### Task prompt
All of the lines below are to be transcribed faithfully, with pictures excluded from the copy.

--- Data provided ---

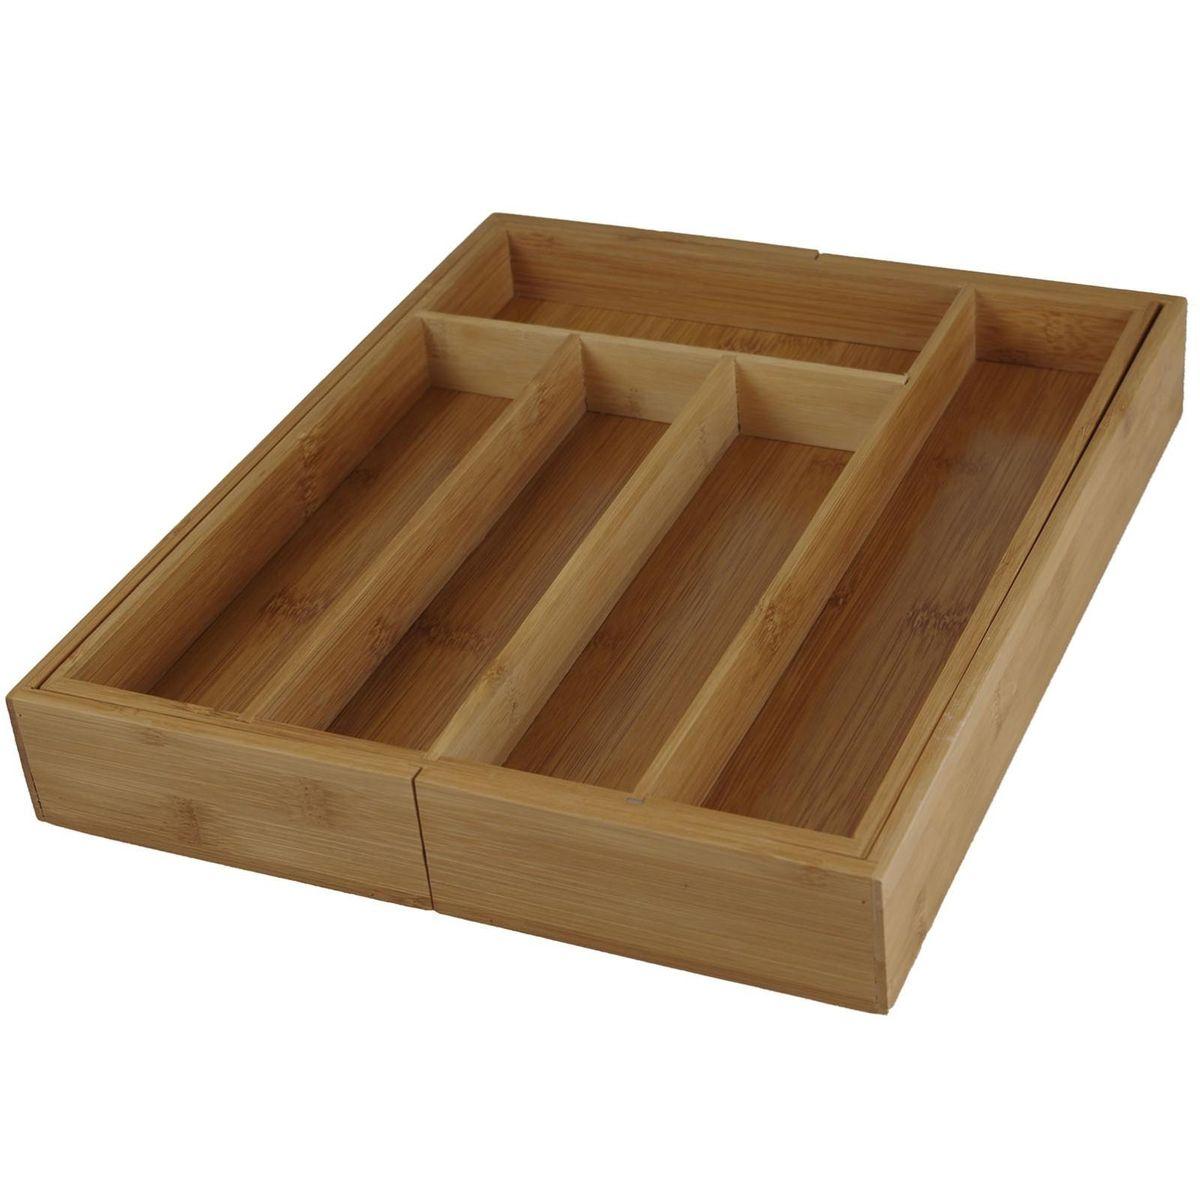 Full Size of Schubladeneinsatz Teller Bambus Besteckkasten Ausziehbar 28 45x33x5cm Schubladen Einsatz Küche Sofa Hersteller Wohnzimmer Schubladeneinsatz Teller
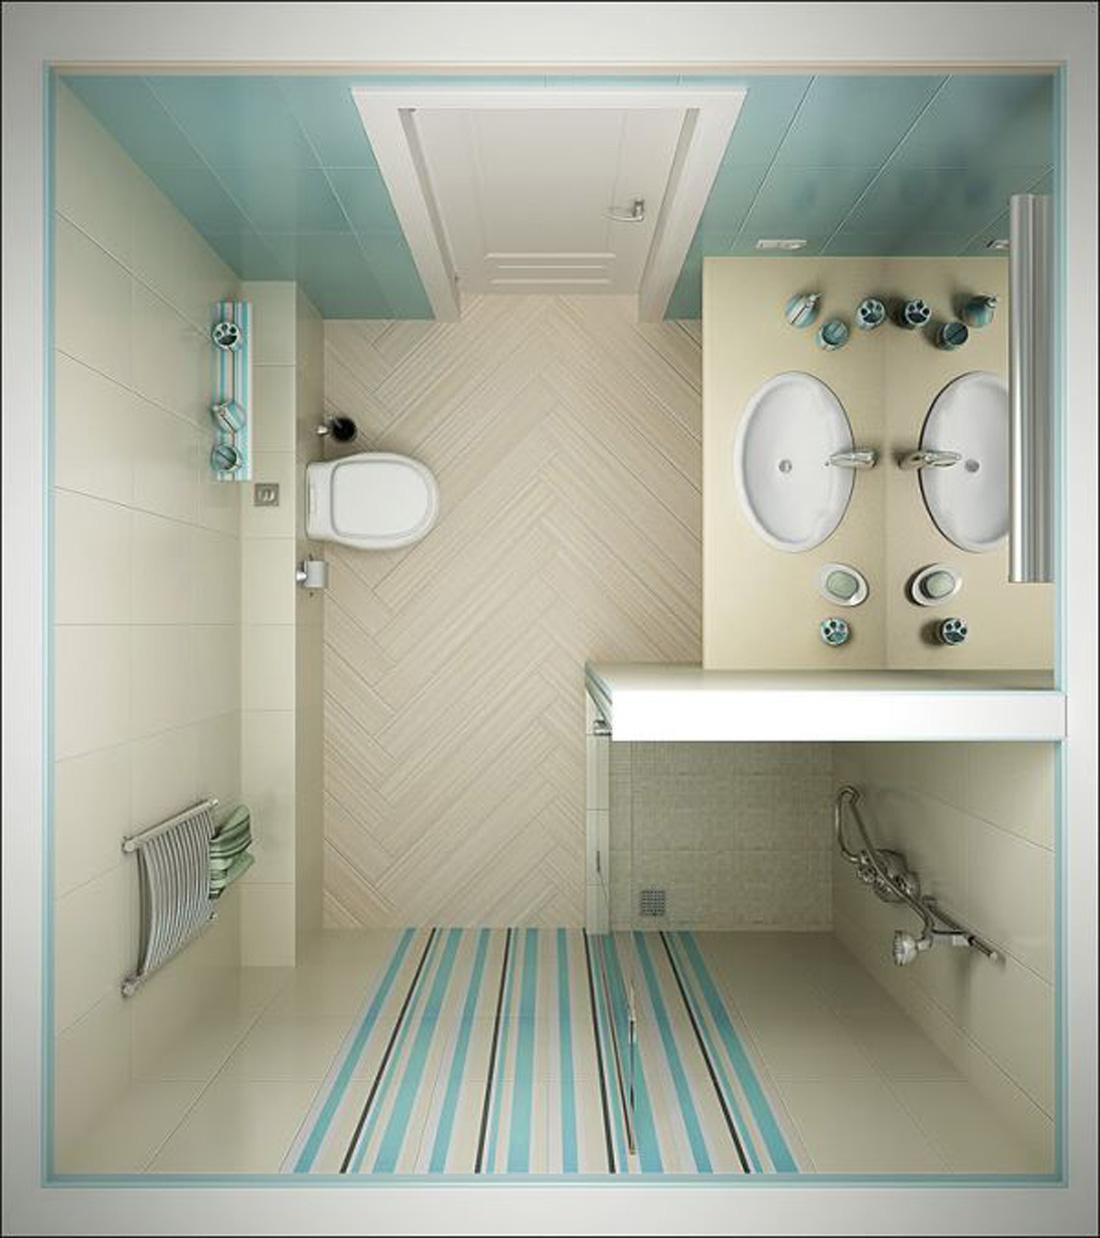 Comment rendre sa salle de bain pratique petite salle - Comment faire sa salle de bain ...
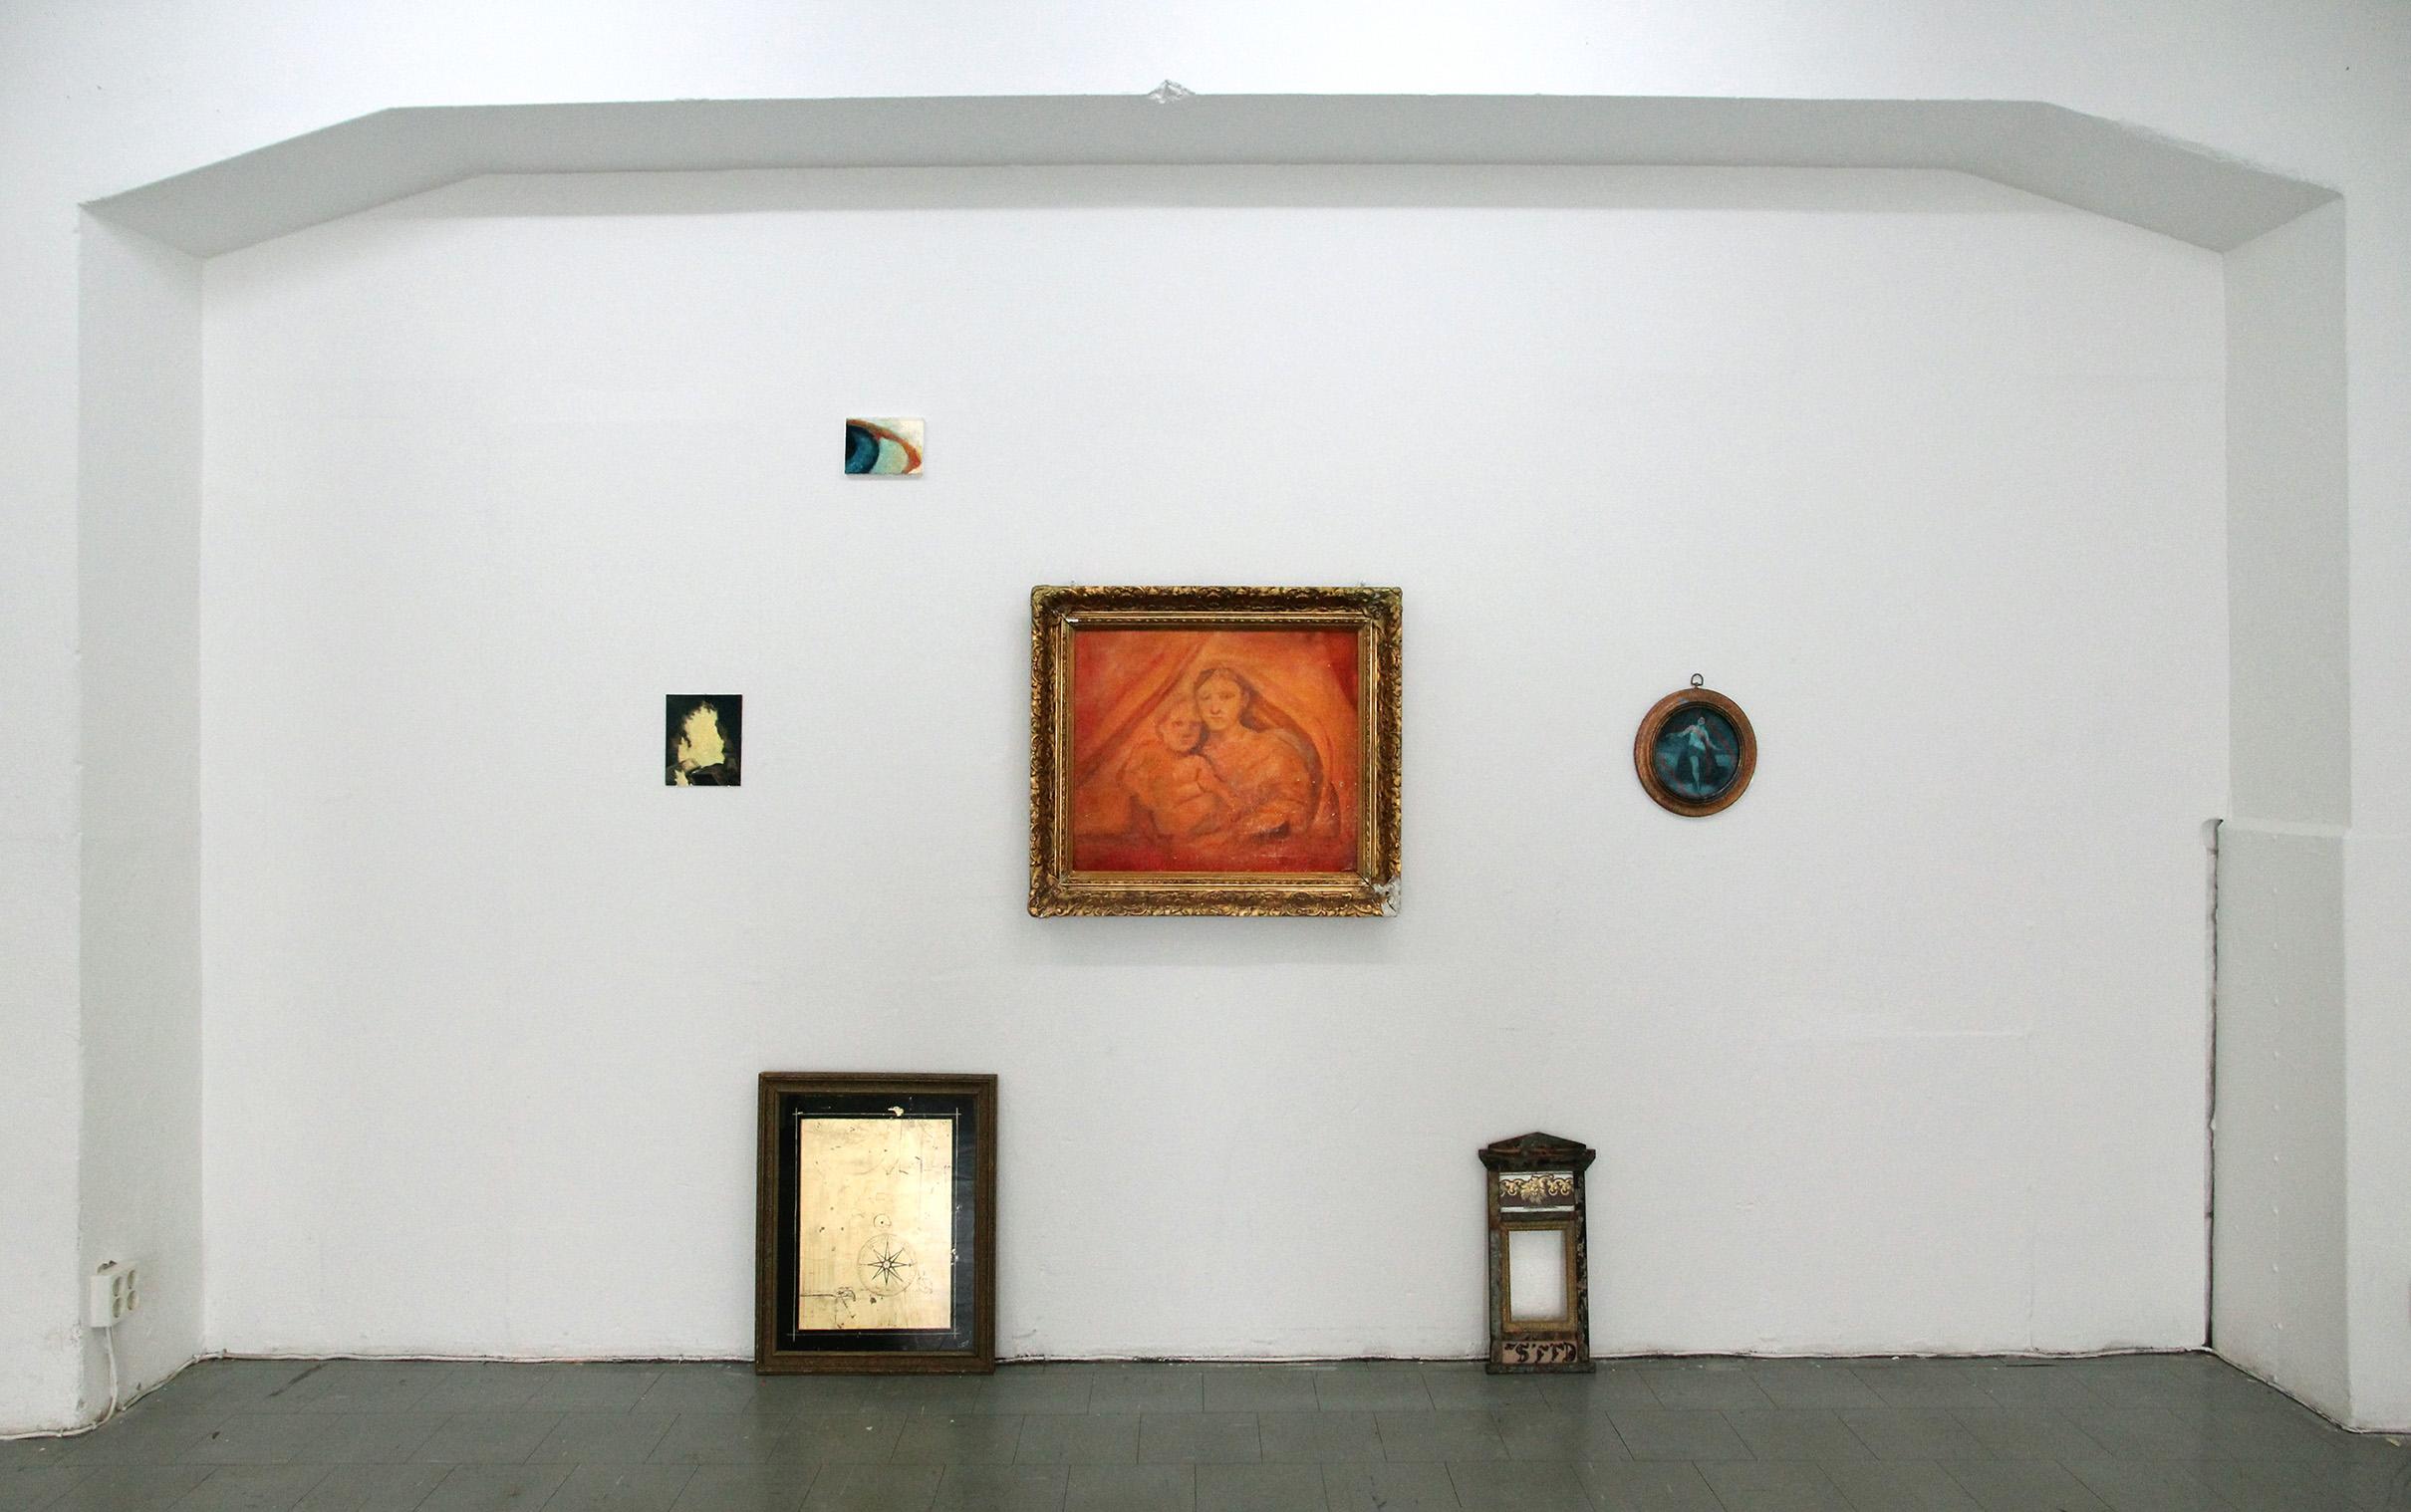 3.Installationsbild med Raphael

---

### Task answer
 Full Size of Schubladeneinsatz Teller Bambus Besteckkasten Ausziehbar 28 45x33x5cm Schubladen Einsatz Küche Sofa Hersteller Wohnzimmer Schubladeneinsatz Teller
 Comment rendre sa salle de bain pratique petite salle - Comment faire sa salle de bain ...
 3.Installationsbild med Raphael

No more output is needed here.